So, assuming we can actually muster the political will to act, what can we do with the nine million illegals and how can we prevent more from coming? The issue is usually presented as a stark choice — either arrest them all or give them amnesty. Since no one thinks we can, or even should, arrest nine million people en masse, the only remaining choice would seem to be amnesty, whatever fig leaves are used to mask that reality.
A Third Way
Amnesty and mass roundups are not, however, the only choices. There is a third way — squeezing the illegal population so that it declines over time, through attrition. The government estimates that each year, some 400,000 people leave the settled illegal-alien population, either by returning home voluntarily, being deported, or getting a green card. The problem is that 800,000 new illegal aliens settle here each year, more than replacing the outflow.
The enforcement approach we must adopt, then, is clear — put pressure on illegal immigrants so that more of them leave and fewer new ones come, and we will see the illegal population start to decline, allowing the problem, over time, to take care of itself.
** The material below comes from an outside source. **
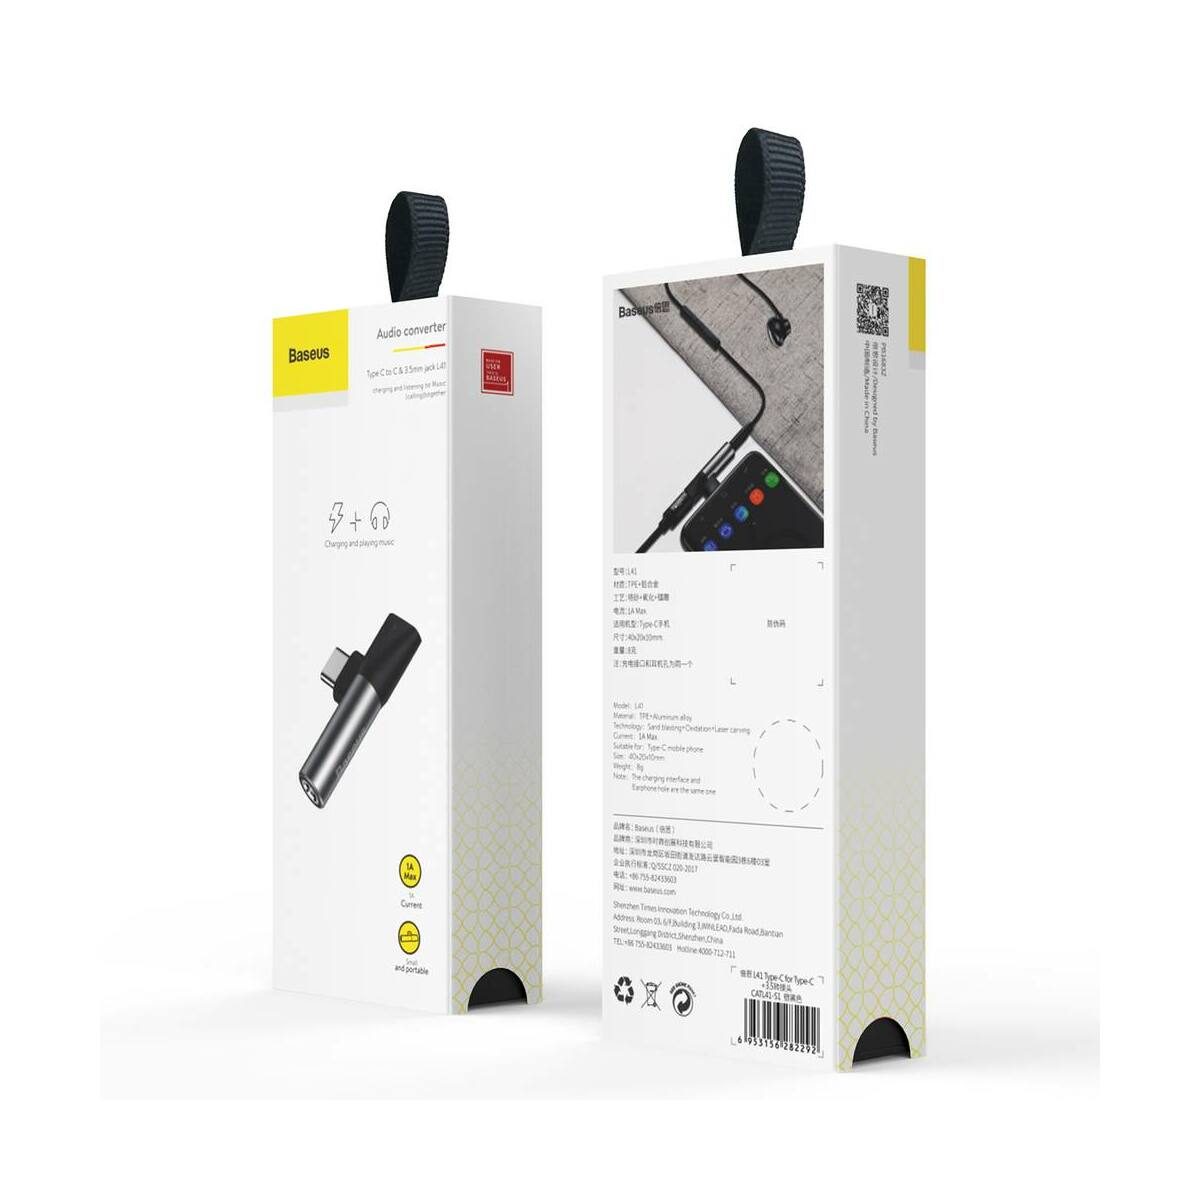 Baseus átalakító, L41 Type-C (bemenet) - Type-C + 3.5 mm, csatlakozó, ezüst/fekete (CATL41-S1)

It would not be unrealistic to expect that a serious enforcement campaign would reduce the illegal population by perhaps two million people within the first year.
Nor is this mere wonkish speculation — we’ve actually seen it work on a small scale already. The immigration authorities recently concluded a "Special Registration" program for visitors from Islamic countries. The affected nation with the largest illegal-alien population was Pakistan, with an estimated 26,000 illegals here in 2000. Once it became clear that the government was actually serious about enforcing the immigration law — at least with regard to Middle Easterners — Pakistani illegals (mostly visa overstayers) started leaving in droves, on their own. They essentially deported themselves to Pakistan, to Canada, and to Europe. The Pakistani embassy estimated that more than 15,000 of its illegal aliens have left the United States, and the Washington Post reported in May the "disquieting" fact that in Brooklyn’s Little Pakistan the mosque is one-third empty, business is down, there are fewer want ads in the local Urdu-language paper, and "For Rent" signs are sprouting everywhere.
Broken Windows
This example highlights the applicability of "broken windows" policing to immigration. As Michelle Malkin has pointed out, citing the famous Atlantic Monthly article by James Q. Wilson and George Kelling, ignoring "minor" immigration violations creates the same atmosphere of disorder as leaving broken windows unrepaired does in a run-down neighborhood. And, as Mayor Giuliani demonstrated in New York, the reassertion of control by the government over seemingly minor matters re-establishes a sense of order, leading to decreased lawbreaking in general.
To fix immigration’s broken windows the authorities need to start taking immigration violations seriously. To take only one example, people who repeatedly sneak across the border are supposed to be prosecuted and jailed, and the Border Patrol unveiled a new digital fingerprint system in the mid-90s to make tracking of repeat crossers possible. The problem is that short-staffed U.S. Attorney’s offices kept increasing the number of apprehensions needed to trigger prosecution so as to avoid actually having to prosecute anyone.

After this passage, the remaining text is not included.